Excerpted data:
>>>>>
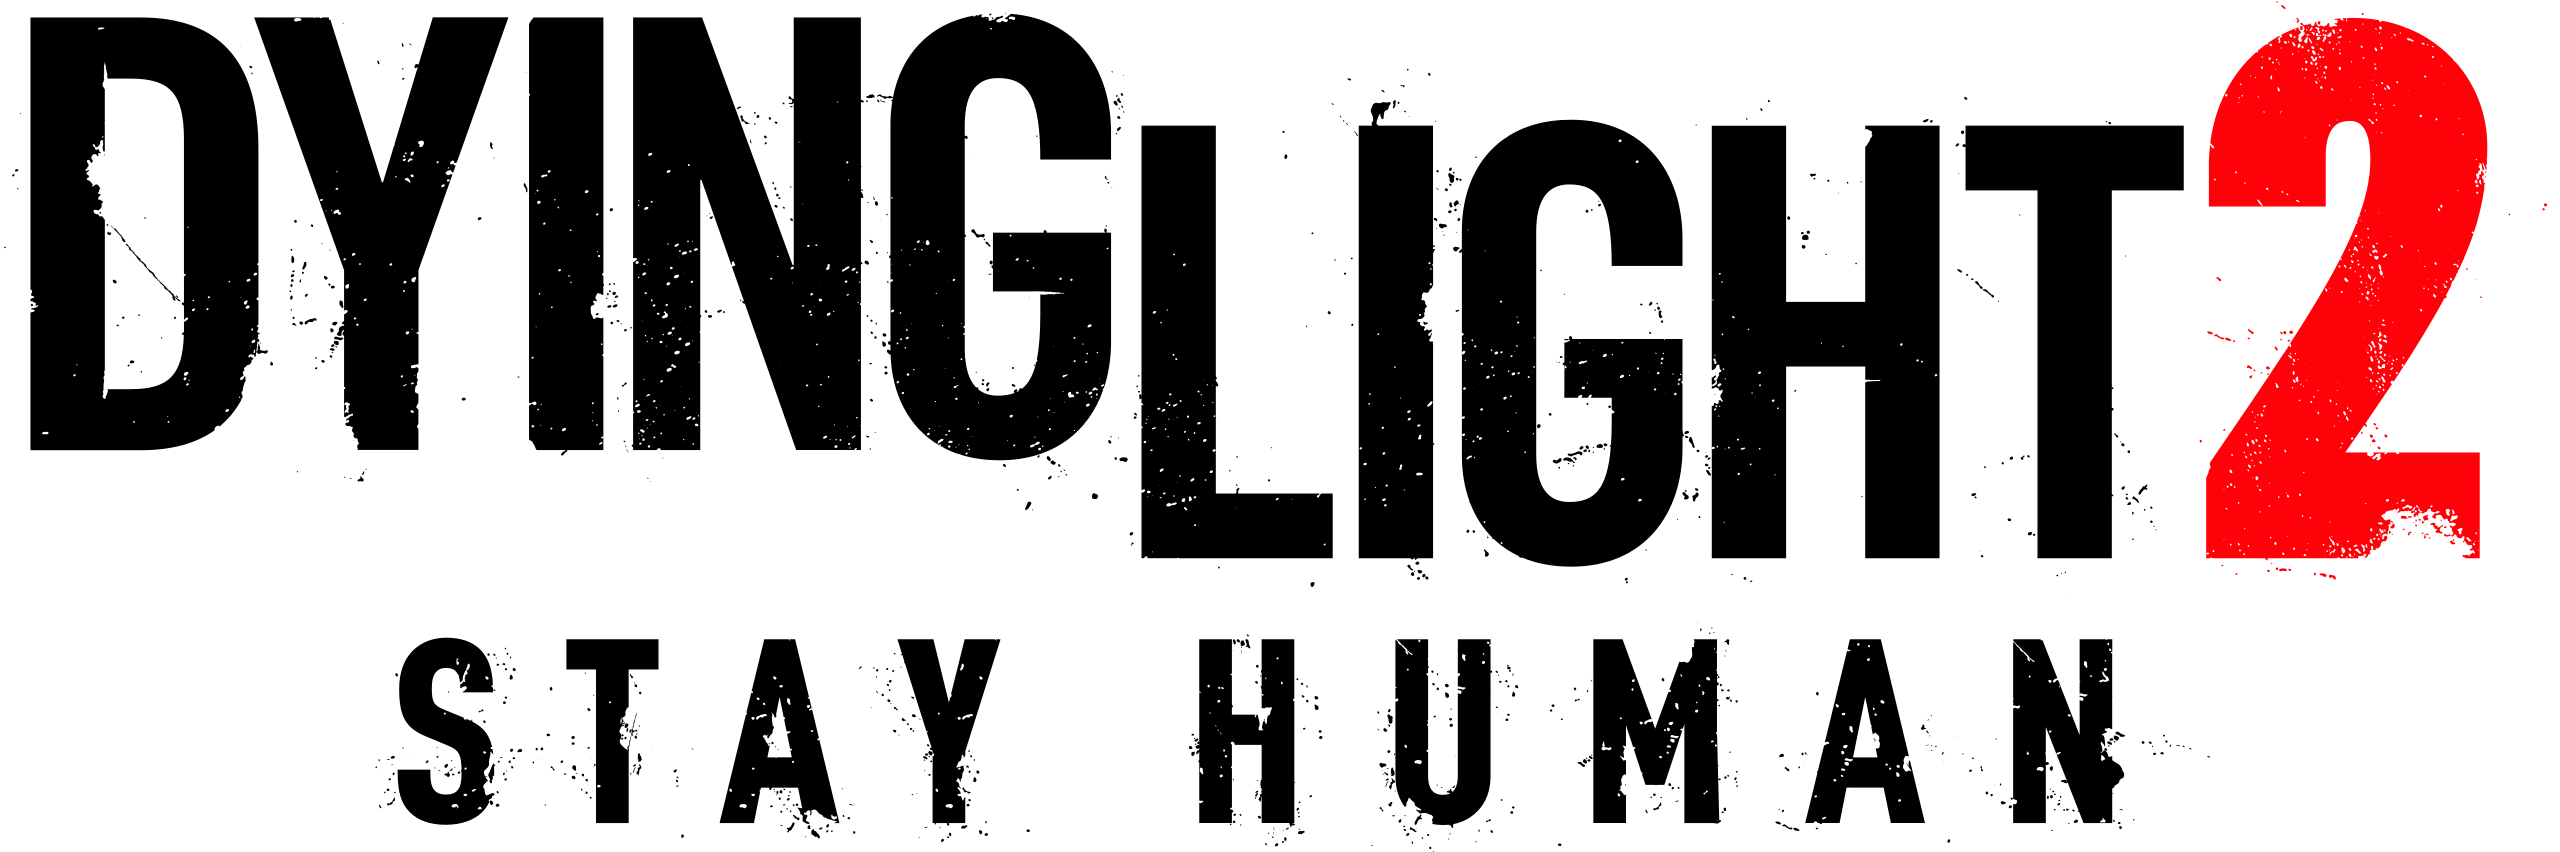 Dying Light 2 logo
<<<<<
>>>>>
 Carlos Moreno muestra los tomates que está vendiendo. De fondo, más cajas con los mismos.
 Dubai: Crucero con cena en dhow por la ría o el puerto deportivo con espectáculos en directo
<<<<<
Task brief: Among the records above, extract exactly the lines from the line with "Carlos Moreno muestra" to the line with "Dubai: Crucero con", both lines included, and leave out the rest.

Task response:
 Carlos Moreno muestra los tomates que está vendiendo. De fondo, más cajas con los mismos.
 Dubai: Crucero con cena en dhow por la ría o el puerto deportivo con espectáculos en directo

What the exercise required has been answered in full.